» What you should do: The material beneath this line should be printed exactly, with its pictures omitted.

» The data:
BEGIN

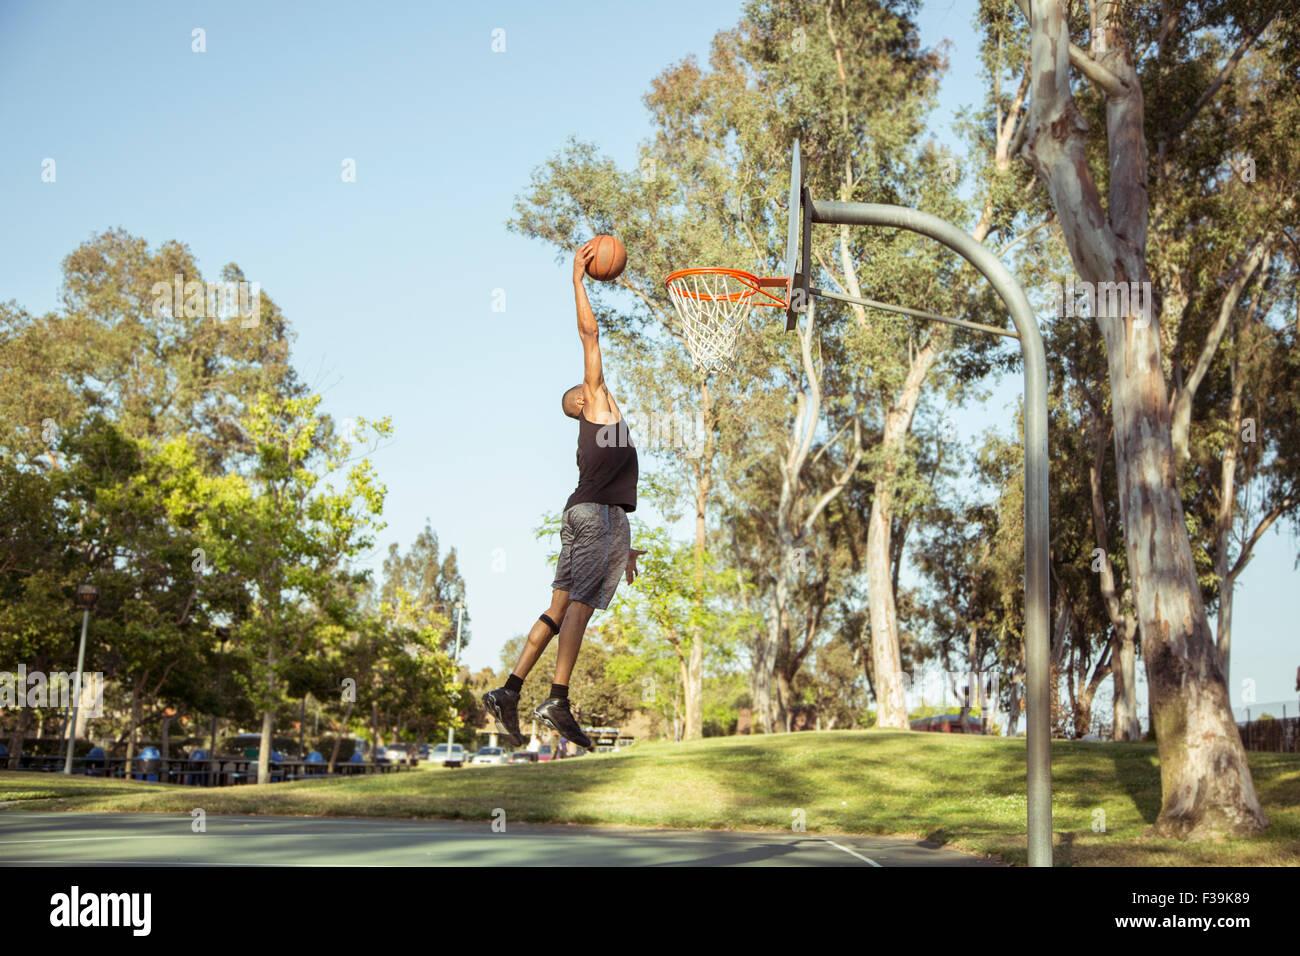 Mann schießen Basketballkörbe im Park bei Sonnenuntergang Stockbild
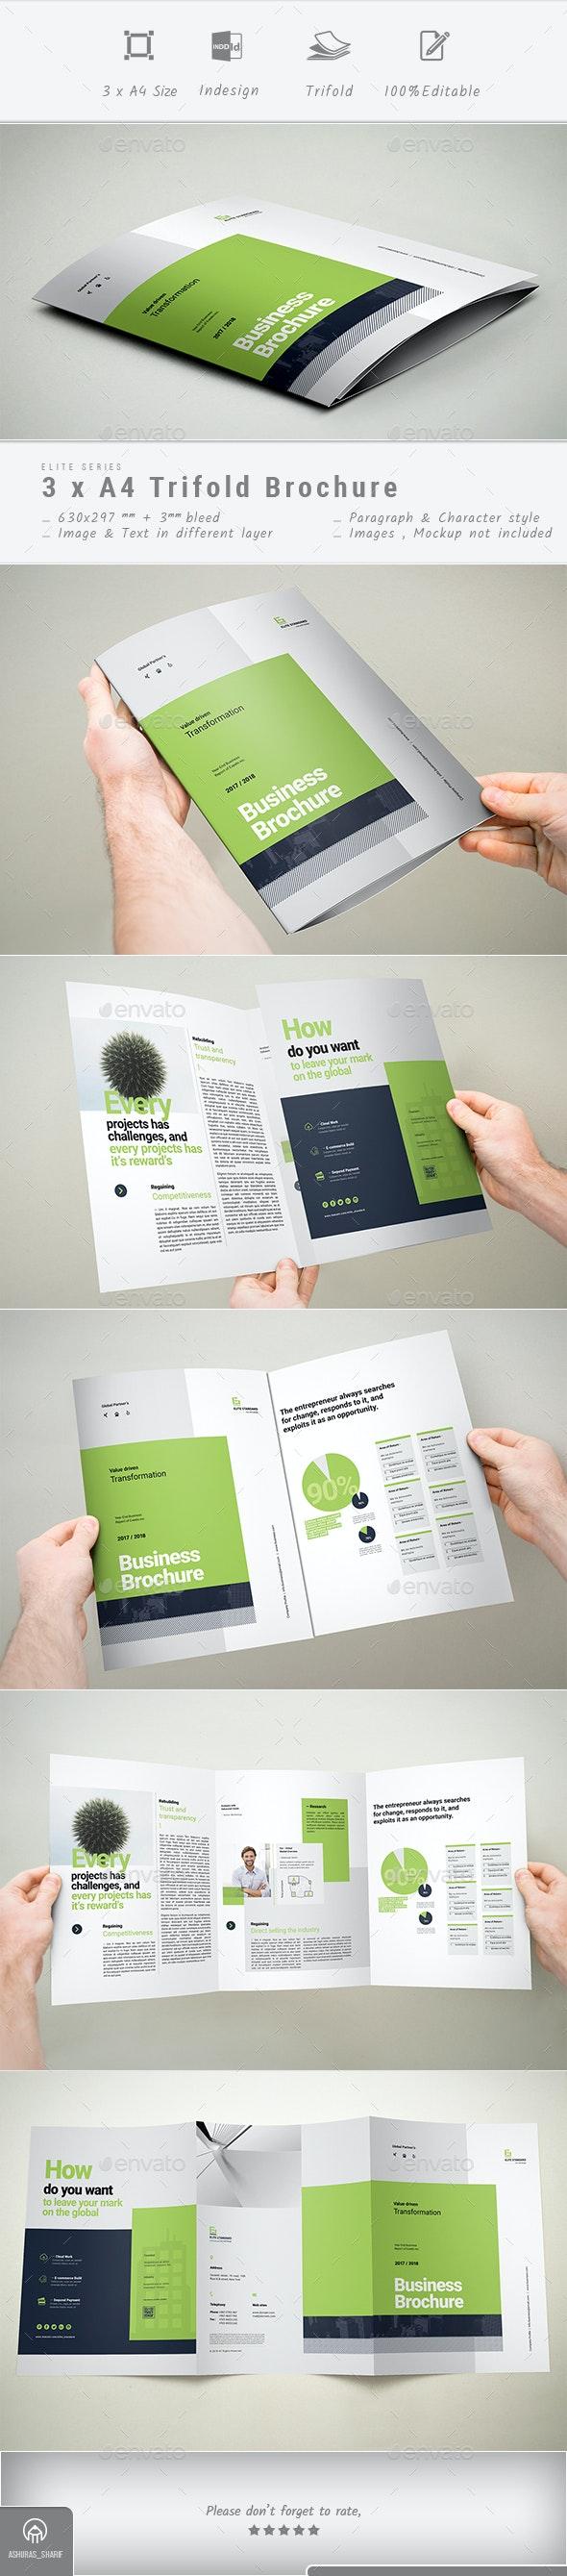 3xA4 Trifold Brochure - Corporate Brochures
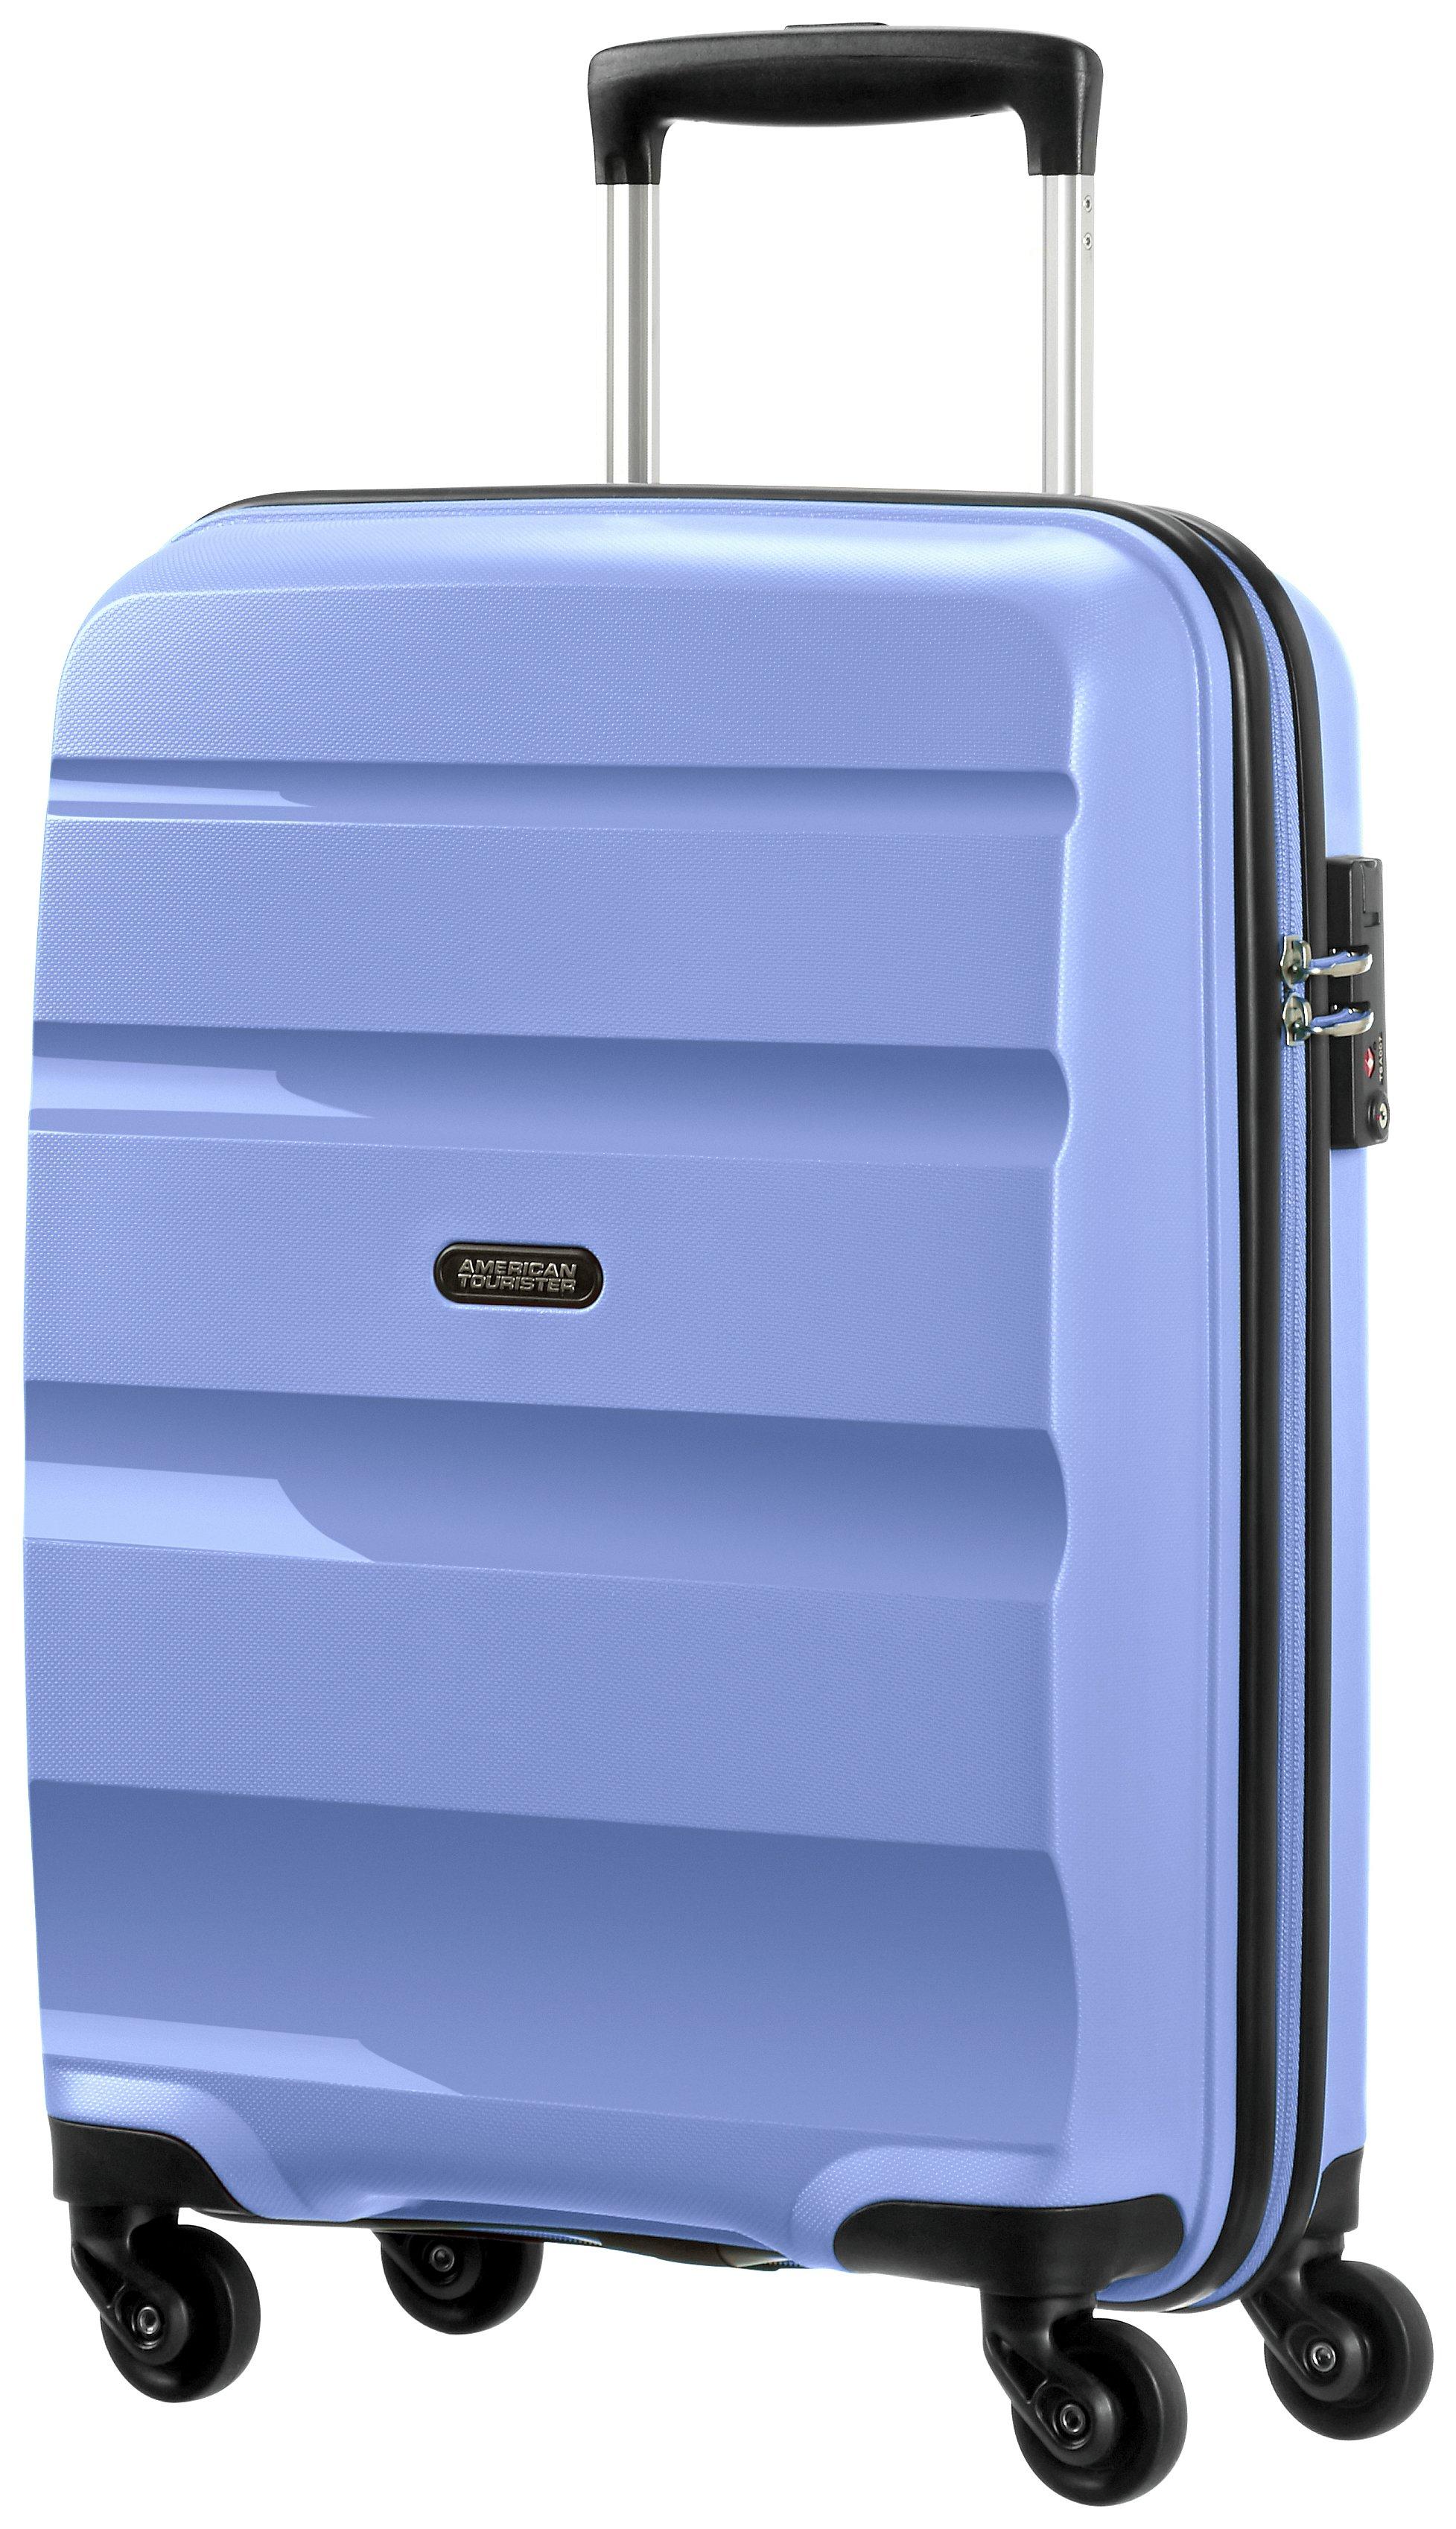 Image of American Tourister Bon Air 31.5 litre 4 Wheel Suitcase - Blue

END

» Response area:
 Mann schießen Basketballkörbe im Park bei Sonnenuntergang Stockbild
 3xA4 Trifold Brochure - Corporate Brochures
 Image of American Tourister Bon Air 31.5 litre 4 Wheel Suitcase - Blue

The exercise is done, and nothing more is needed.